Principalmente i sintomi dell'osteocondrosi toracica sono determinati in base alla direzione specifica dell'ernia, cioè è un'ernia laterale o un'ernia mediana. Complicato da un'ernia laterale o protrusione dell'osteocondrosi toracica è accompagnato da una manifestazione unilaterale del dolore, che, tra l'altro, può verificarsi in combinazione con perdita di sensibilità a livello locale e dolore direttamente al livello in cui l'ernia è situato. Un'ernia laterale determina i minimi sintomi di compressione e la loro reversibilità, mentre in questo caso si nota un aumento del dolore al momento dei movimenti della colonna vertebrale, durante la respirazione (inspirazione/espirazione), durante la tosse.
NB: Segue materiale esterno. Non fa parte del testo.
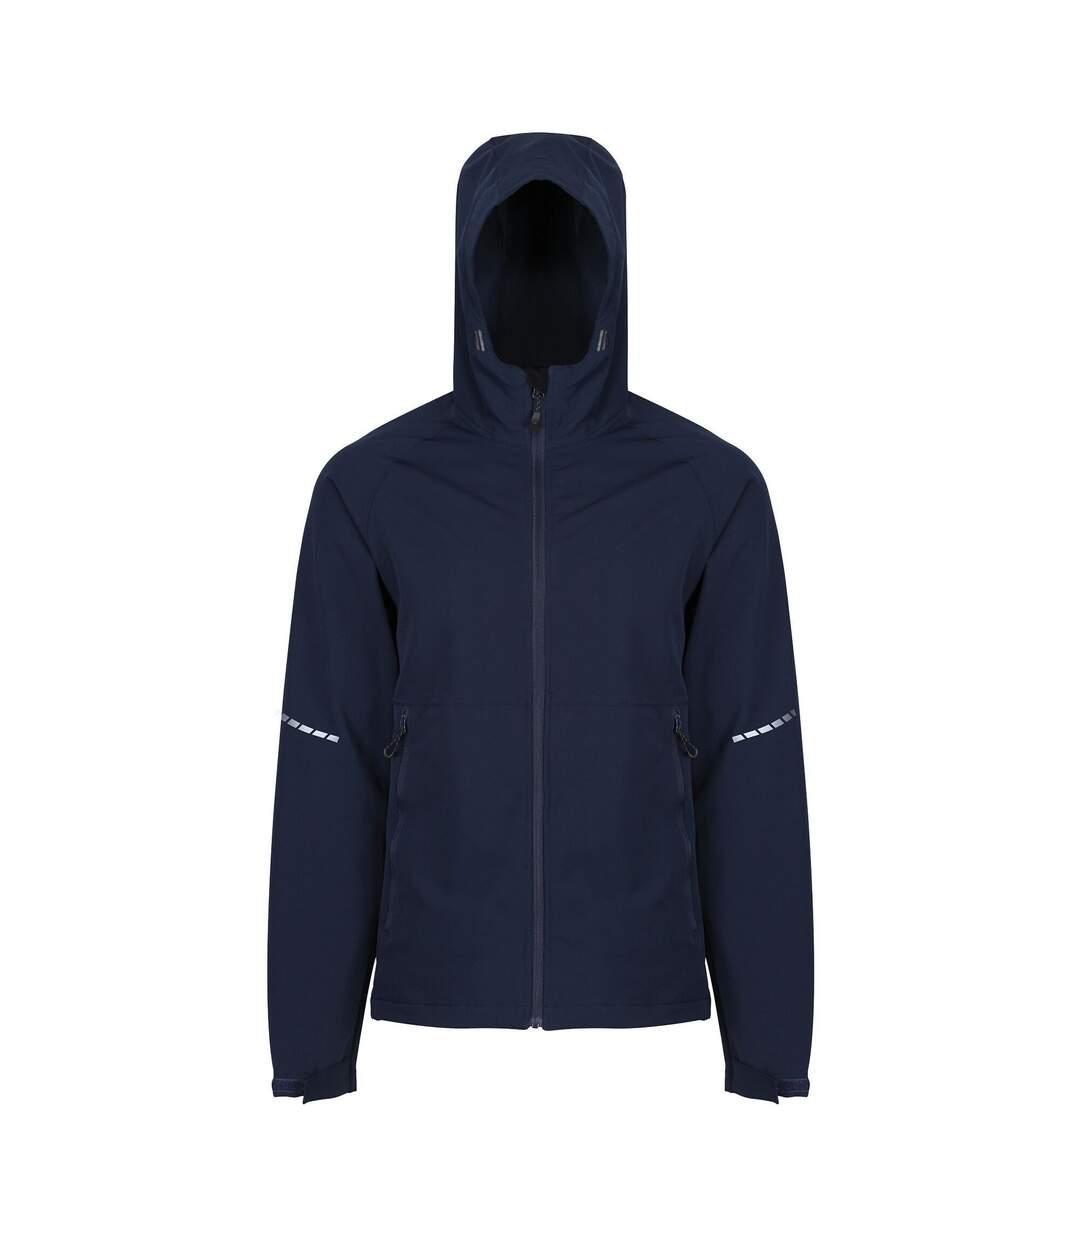 Regatta Mens X-Pro Prolite Stretch Soft Shell Jacket (Navy) - UTRG5788

Per quanto riguarda l'ernia mediana, qui il dolore è caratterizzato dalla durata della manifestazione e dalla loro ostruzione generale (cioè la possibilità di un decorso per molte settimane). In questo caso, il principale pericolo della condizione risiede nella possibile compressione delle strutture, che è rilevante per il midollo spinale.
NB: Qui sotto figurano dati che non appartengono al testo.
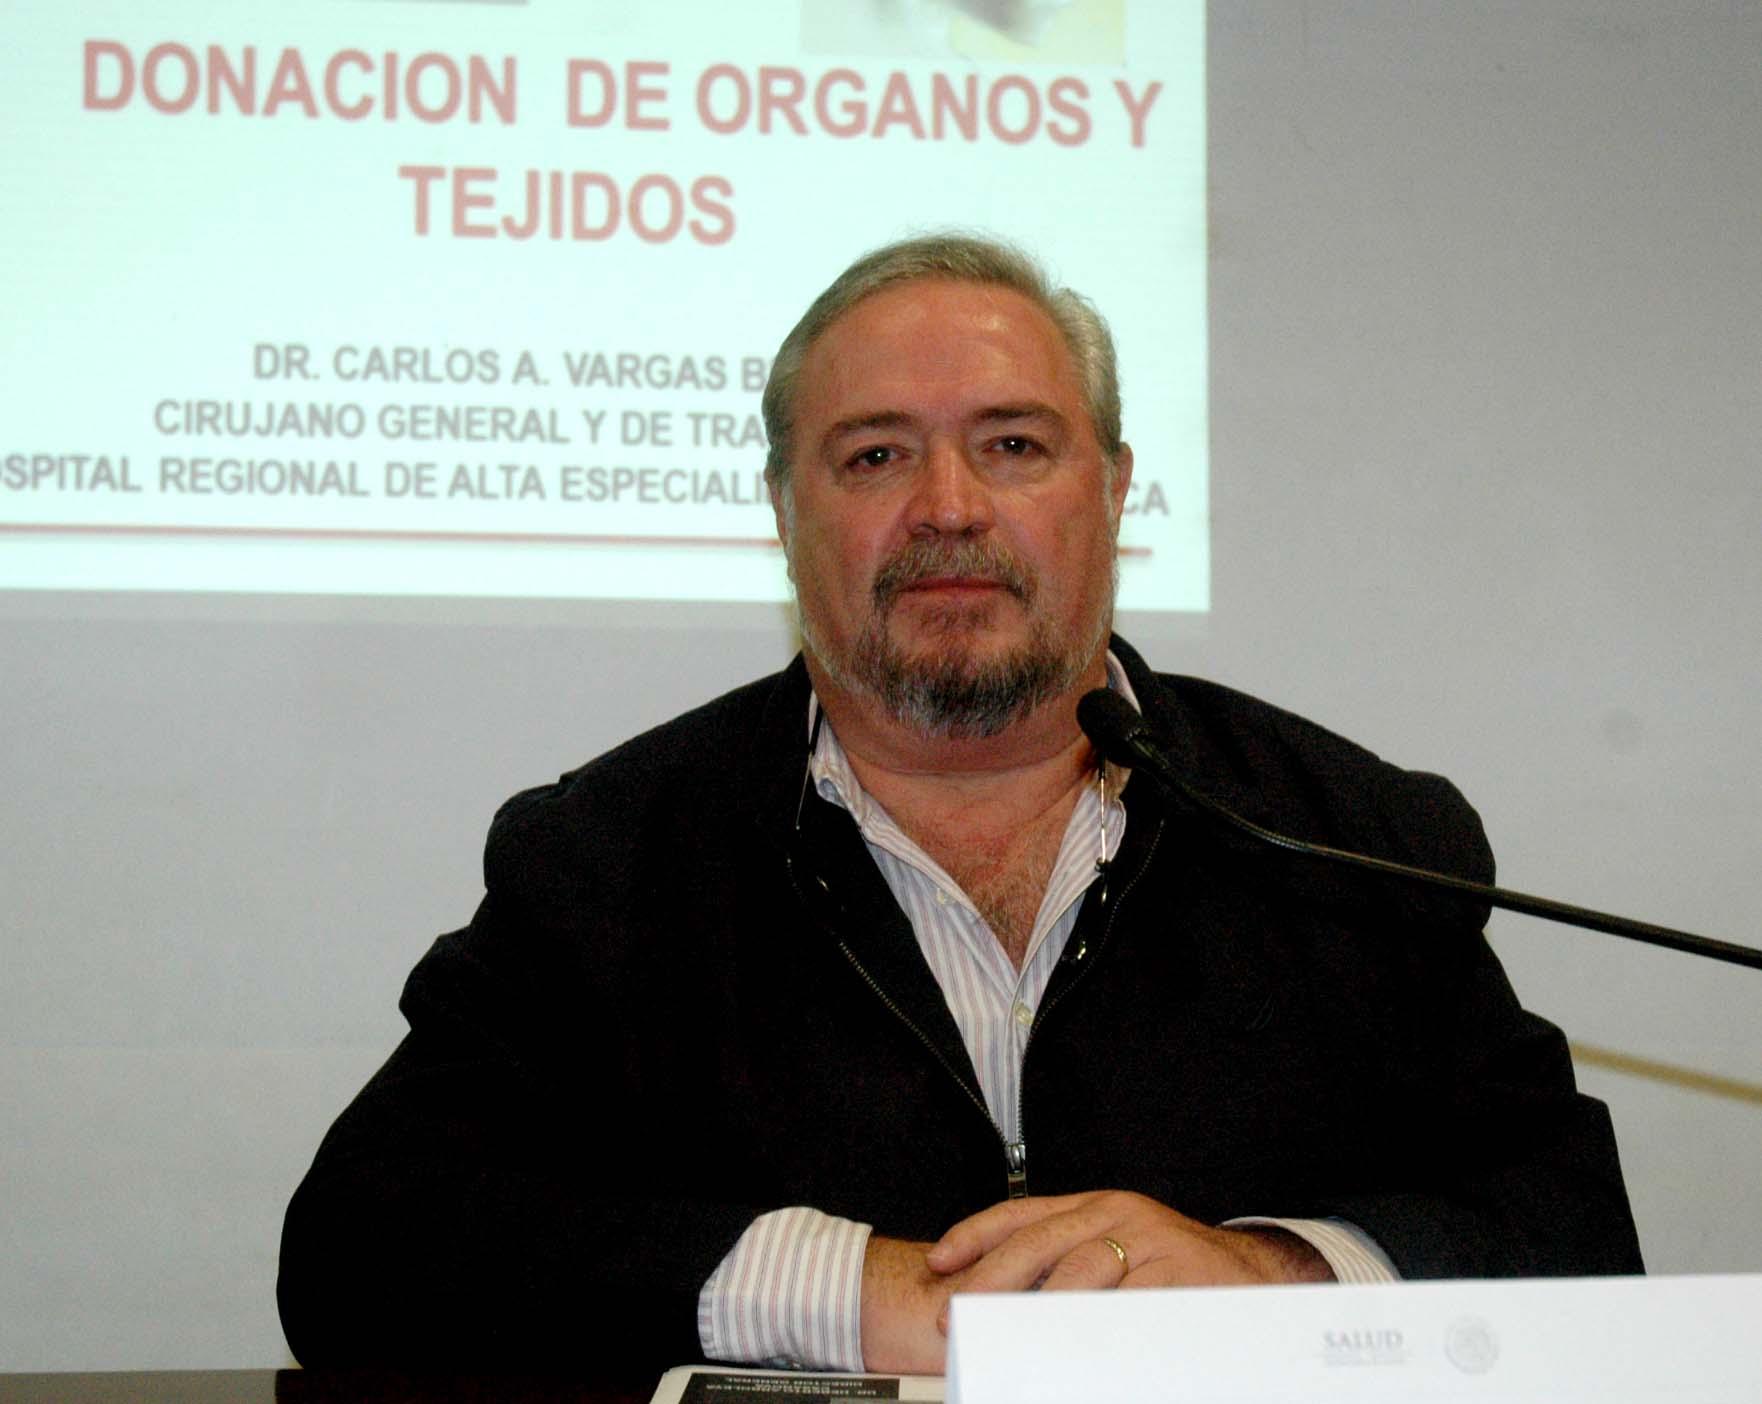 El Hospital Regional de alta especialidad de Ixtapaluca realiza la primera procuración multiorgánica

Mielopatia da compressione (compressione delle strutture del midollo spinale) con osteocondrosi toracica

Sebbene questa variante dello sviluppo della malattia sia piuttosto rara, purtroppo non può essere esclusa. Questa condizione è associata alle caratteristiche dell'ordine anatomico e funzionale. I sintomi dell'osteocondrosi toracica qui sono la comparsa di dolore alla cintura o locale, debolezza alle gambe e intorpidimento. Inoltre, sono possibili anche disturbi associati al funzionamento degli organi pelvici. Il dolore, che è il sintomo principale della patologia in esame, con la mielopatia da compressione può irradiarsi, cioè diffondersi all'addome e all'inguine, alle gambe e allo spazio intercostale.

Trattamento

Il trattamento dell'osteocondrosi toracica determina il possibile uso di metodi riflessi in esso. È possibile ripristinare la mobilità della schiena, nonché eliminare l'ipertonicità muscolare e gli spasmi utilizzando l'agopuntura (o l'agopuntura). Questo metodo è abbastanza efficace ed è con il suo aiuto che il lavoro dei vasi sanguigni può essere contemporaneamente migliorato, grazie al quale vengono forniti l'apporto di sangue e la nutrizione dei tessuti nell'area dei dischi intervertebrali.

L'agopuntura può anche essere integrata con metodi come la terapia manuale, la fisioterapia, la terapia del vuoto, la moxibustione, il massaggio con coppettazione. Le opzioni elencate sono anche abbastanza efficaci e, inoltre, sono sicure. Con il loro aiuto, la progressione dell'osteocondrosi toracica può essere fermata e i dischi intervertebrali, dopo il loro utilizzo, possono acquisire la normale funzionalità. Può inoltre essere fornita una stimolazione del processo rigenerativo riguardante i tessuti delle vertebre, riduzione/eliminazione del dolore.

La terapia farmacologica è incentrata sull'utilizzo di farmaci antinfiammatori non steroidei; grazie al loro utilizzo è inoltre possibile ridurre le manifestazioni dolorose, sopprimendo contemporaneamente le reazioni infiammatorie delle vertebre colpite (cosa particolarmente importante al momento dell'esacerbazione della manifestazioni della malattia). L'uso di miorilassanti ti consentirà di rilassare i muscoli spinali tesi, riducendo significativamente, ancora una volta, il dolore.

Inoltre, può essere applicato anche il trattamento di trazione della malattia - trattamento mediante trazione, a cui sono esposti i tessuti paravertebrali, i muscoli e i legamenti, che contribuisce ad aumentare la distanza tra le singole vertebre. Il risultato nell'intervallo fino a 1, 5 mm è sufficiente per garantire la riduzione del gonfiore, la riduzione della compressione, alleviare la tensione muscolare e normalizzare la circolazione sanguigna.

Si raccomandano anche i sedativi, perché a causa del dolore costante (indipendentemente dalla forma di osteocondrosi), i pazienti diventano agitati e irritabili, il che, di conseguenza, porta alla corrispondente stanchezza del sistema nervoso centrale.

La diagnosi di varie forme di osteocondrosi e osteocondrosi toracica, in particolare, viene eseguita da un neurologo.